Matrix Factorizations

Singular Value Decomposition

A non-negative real value \(\sigma\) is a singular value for a matrix \(A \in \RR^{m \times n}\) if and only if there exist unit length vectors \(u \in \RR^m\) and \(v \in \RR^n\) such that \(A v = \sigma u\) and \(A^T u = \sigma v\). The vectors u and v are called left singular and right singular vectors for \(\sigma\) respectively. For every \(A \in \RR^{m \times n}\) with \(k = \min(m, n)\), there exist two orthogonal matrices \(U \in \RR^{m \times m}\) and \(V \in \RR^{n \times n}\) and a sequence of real numbers \(\sigma_1 \geq \dots \geq \sigma_k \geq 0\) such that \(U^T A V = \Sigma\) where \(\Sigma = \text{diag}(\sigma_1, \dots, \sigma_k, 0, \dots, 0) \in \RR^{m \times n}\) (Extra columns or rows are filled with zeros).
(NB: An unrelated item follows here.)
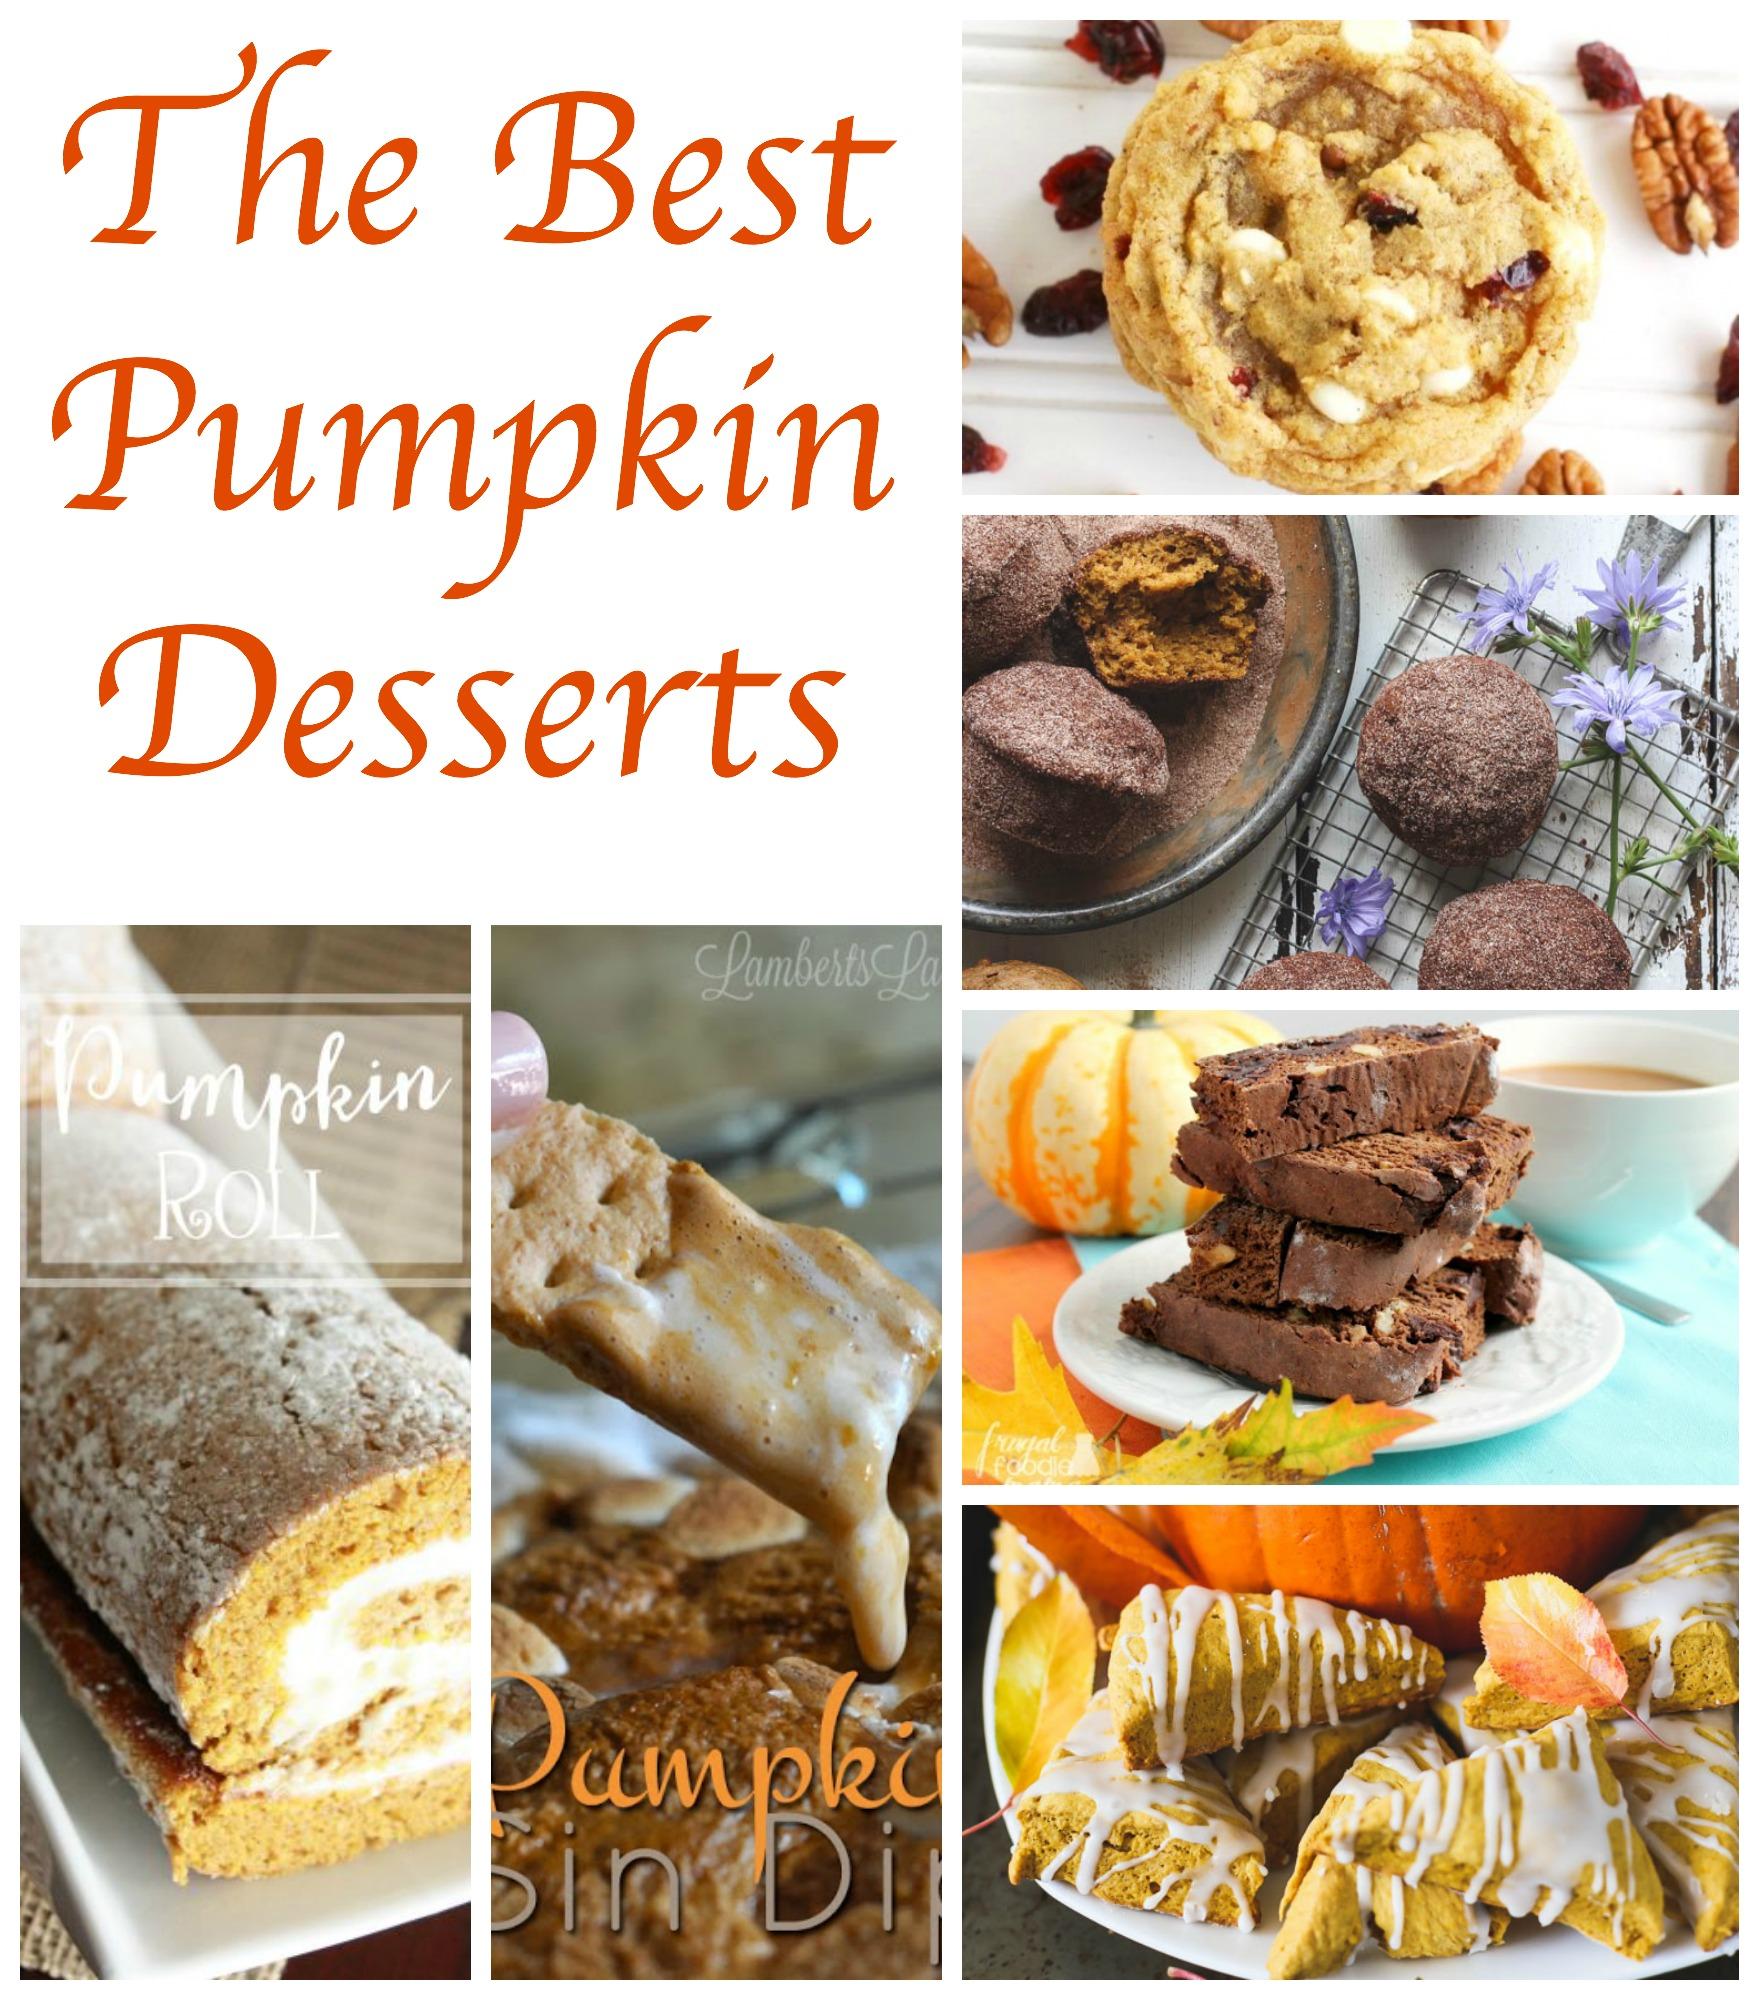 Great Pumpkin Dessert Recipe: The Best Pumpkin Desserts

The decomposition of \(A\) given by \(A = U \Sigma V^T\) is called the singular value decomposition of \(A\). The first \(k\) columns of \(U\) and \(V\) are the left and right singular vectors of \(A\) corresponding to the singular values \(\sigma_1, \dots, \sigma_k\). The rank of \(A\) is equal to the number of non-zero singular values which equals the rank of \(\Sigma\). The eigen values of positive semi-definite matrices \(A^T A\) and \(A A^T\) are given by \(\sigma_1^2, \dots, \sigma_k^2\) (remaining eigen values being 0). Specifically, \(A^T A = V \Sigma^T \Sigma V^T\) and \(A A^T = U \Sigma \Sigma^T U^T\). We can rewrite \(A = \sum_{i=1}^k \sigma_i u_i v_i^T\). \(\sigma_1 u_1 v_1^T\) is rank-1 approximation of \(A\) in Frobenius norm sense. The spectral radius and \(2\)-norm of \(A\) is given by its largest singular value \(\sigma_1\). The Moore-Penrose pseudo-inverse of \(\Sigma\) is easily obtained by taking the transpose of \(\Sigma\) and inverting the non-zero singular values. Further, \(A^{\dag} = V \Sigma^{\dag} U^T\). The non-zero singular values of \(A^{\dag}\) are just reciprocals of the non-zero singular values of \(A\). Geometrically, singular values of \(A\) are the precisely the lengths of the semi-axes of the hyper-ellipsoid \(E\) defined by \(E = \{ A x | \| x \|_2 = 1 \}\) (i.e. image of the unit sphere under \(A\)). Thus, if \(A\) is a data matrix, then the SVD of \(A\) is strongly connected with the principal component analysis of \(A\).